Knowledge Discovery, Management and Visualisation - Project Details

Advanced Clustering Techniques

The soft computation techniques are investigated, improved and applied to various clustering algorithms. These advanced clustering algorithms can be applied to data mining, image compression, texture segmentation, speech recognition and digital watermarking. This project aims at both developing efficient and effective soft computation techniques and applying these techniques to advanced clustering. Significantly, these clustering algorithms may be applied to real applications such as data mining, image compression and digital watermarking.

Brain Computer Interface

This project uses advanced learning techniques to analyze Electroencephalographic and other electrophysiological signals (EEG, EOG, ECG, EMG) and use them to:

predict behaviours
assess the extent of skill learning
control computers or physical devices (such as a wheelchair)
This research has been applied in a defense context.

Ethics in Data Mining

Knowledge discovery allows considerable insight into data. This insight brings with it the inherent risk that what may be inferred may be private or ethically sensitive. The validity of rules generated from a mining operation becomes an ethical issue when the results are used in decision making processes that affect people, while mining customer data may unwittingly compromise the privacy of those customers. Significantly, the sensitivity of a rule may not be apparent to the miner, particularly since the volume and diversity of rules can often be large. This project investigates these issues and aims to develop a system that detects and highlights the ethical and privacy sensitivity of rules.

Evolution and Fusion of Learners

The metaphor of evolution allows for the development and evaluation of populations of solutions, recombining and mutating the best algorithms to produce new potentially better solutions. Mutation provides the potential to explore the full space of possibilities and overcome local optima, whilst recombination provides the opportunity to develop hybrids reflecting the best points of two solutions. There is a continuum between traditional 'hard' machine learning techniques, modern 'soft' learning techniques like neural networks, and evolutionary techniques as we explore here.
The focus of our research is to break down the barriers and evolve better learning programs for visual, communicative and cooperative tasks, including evolving neural networks for visual pattern recognition and evolving language learning programs. There is a specific interest in the application of evolutionary techniques to data fusion where different data sources or learning mechanisms provide different levels of accuracy for different subproblems, and the object of data fusion is to produce a new solution that does better than any one approach. In typical data fusion some kind of voting takes place, but this often leads to catastrophic fusion in which worse results are achieved. Evolutionary fusion combines the best elements of the individual approaches without in general including the whole of the original learner.

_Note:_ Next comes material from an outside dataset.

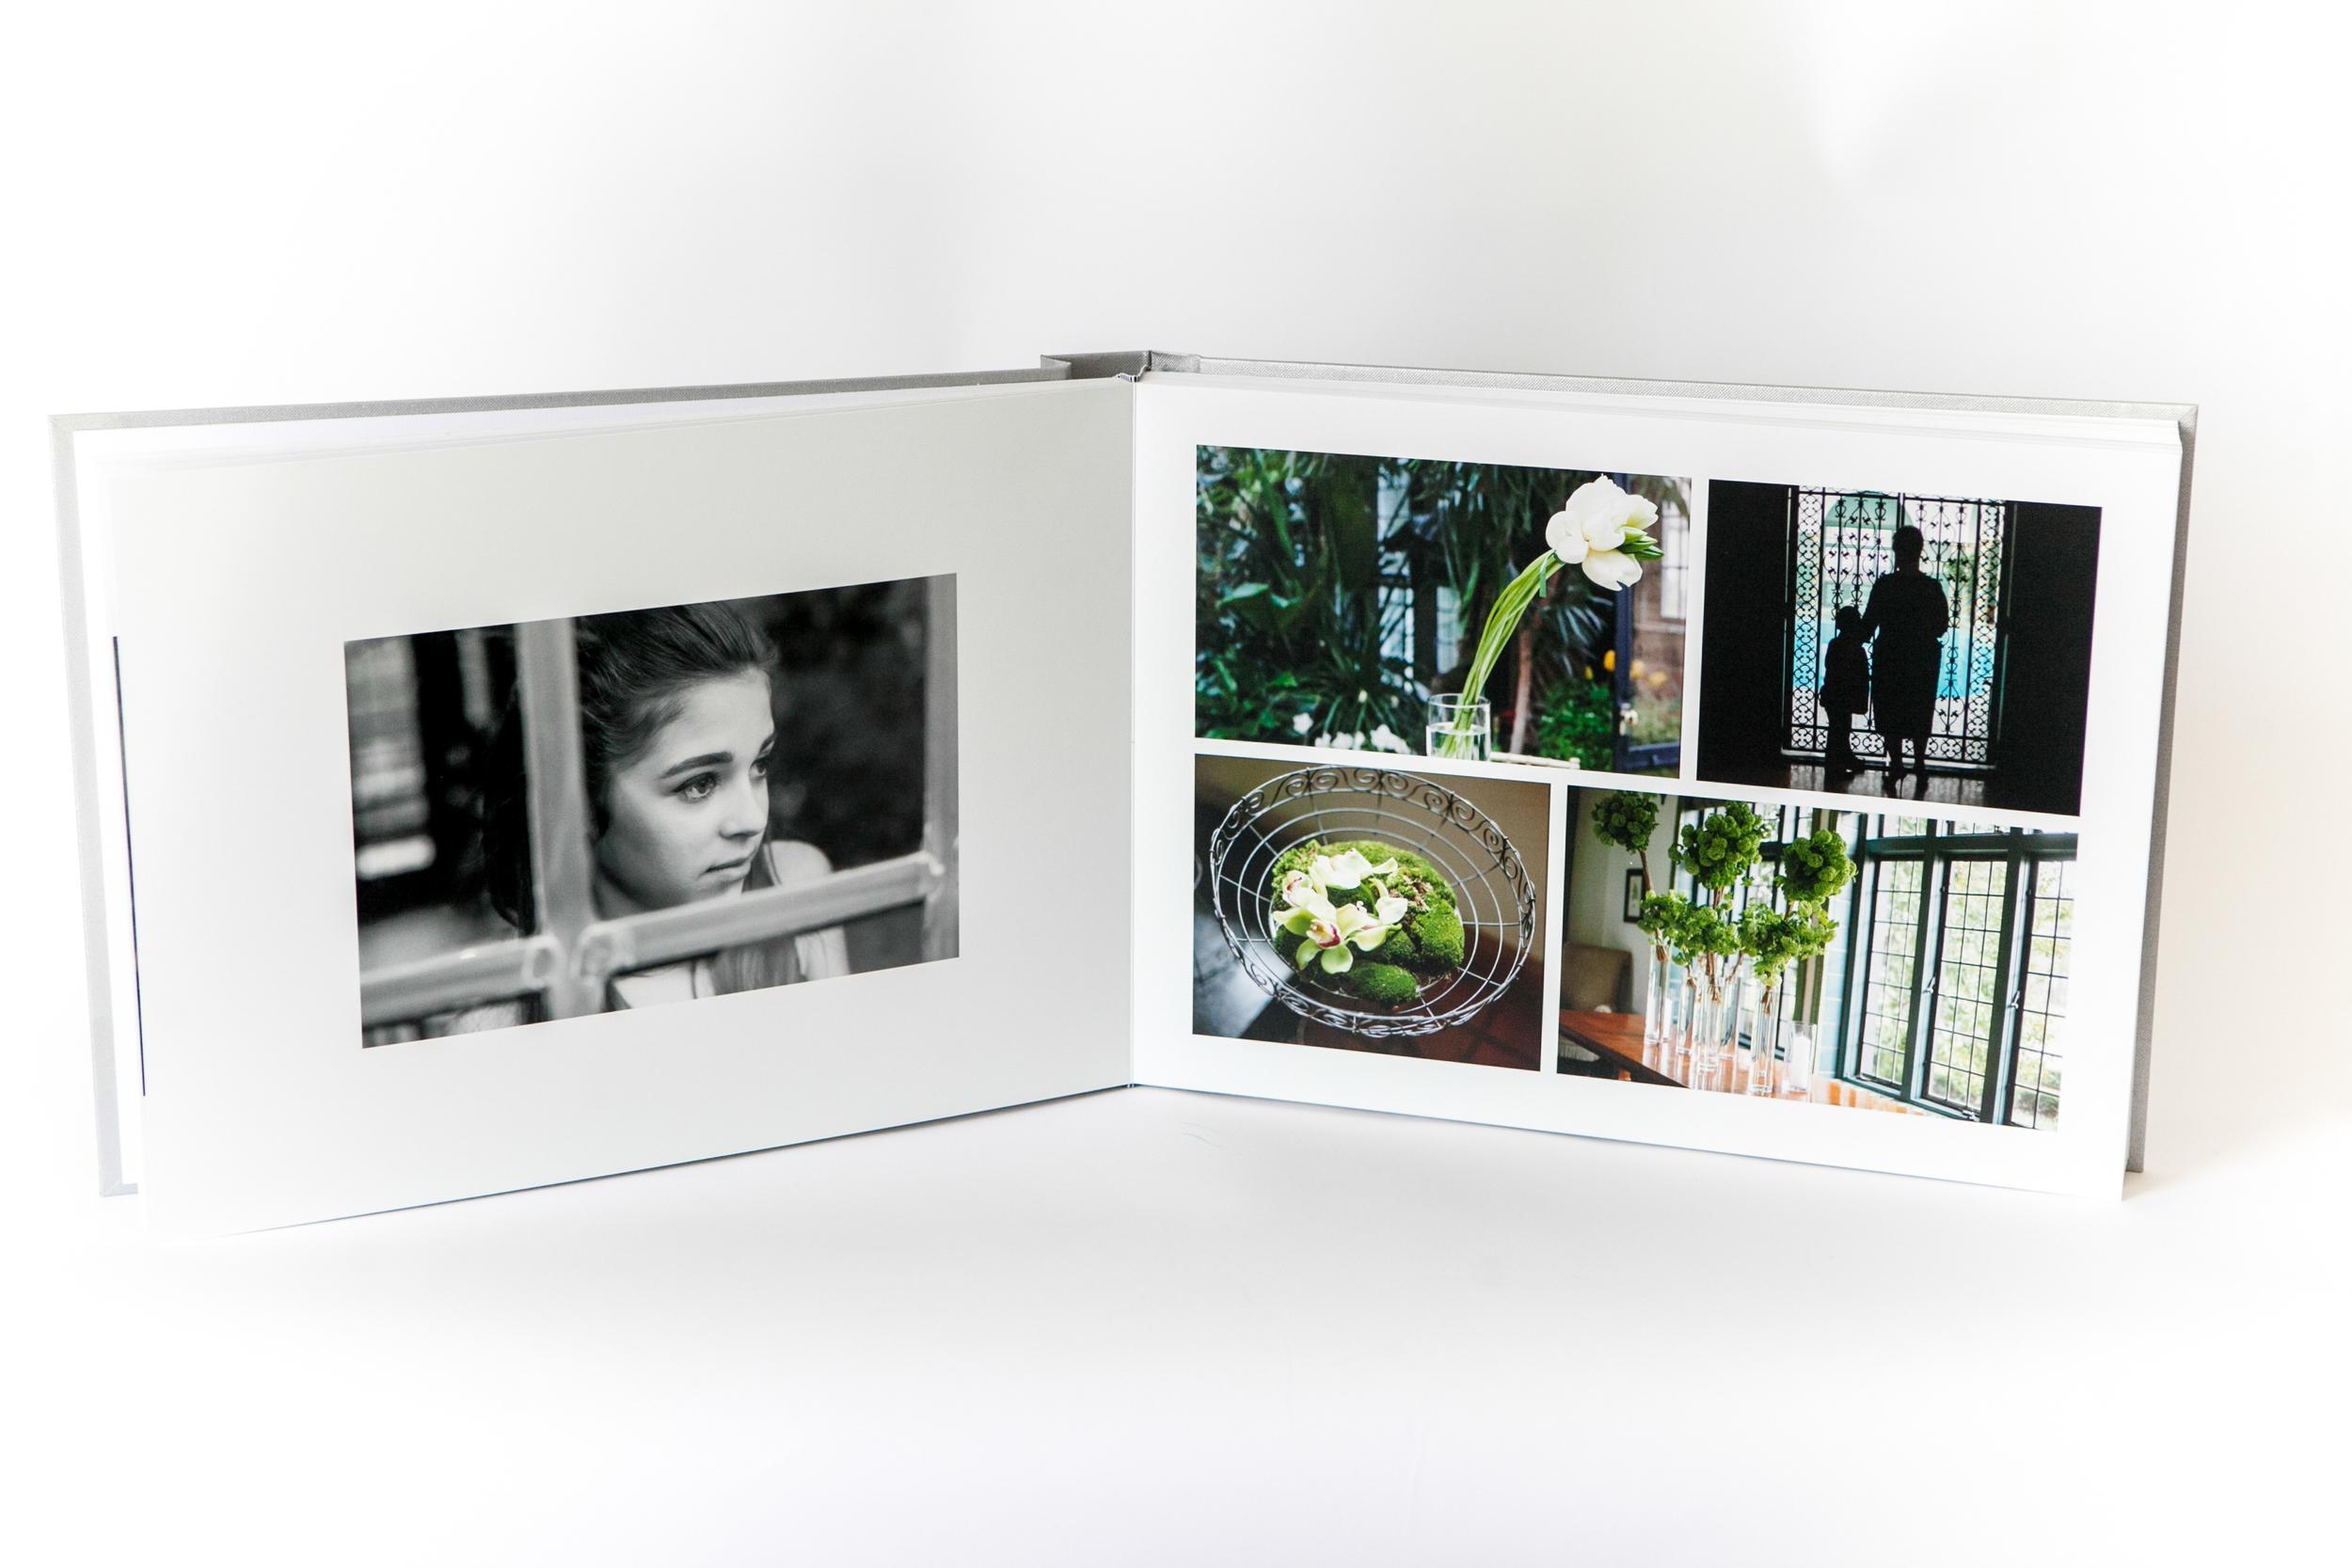 albums_march0007edit.jpg

Information Retrieval, Ranking, Clustering and Visualization

Search engines are the best known information retrieval interfaces and reflect a state of the art that is still largely linear and text based. We have developed techniques for extending web search from conventional html 'static' pages to 'dynamic' pages generated from a backend database. This is the basis of the technology on which the university's start up company YourAmigo is based.
The increasing quantities of information available as the web grows and more databases become accessible exacerbates another problem - that of dealing with thousands, even millions, of search results. We have developed and employed advanced clustering and visualization techniques to allow more intuitive and faster organization and sifting of a mass of retrieved data and continue to evaluate and extend the techniques. The basic idea is to present information in such a way that our highly efficient subconscious sensory processing relieves our conscious minds of considering items or clusters individually and navigates in dimensions appropriate to the data.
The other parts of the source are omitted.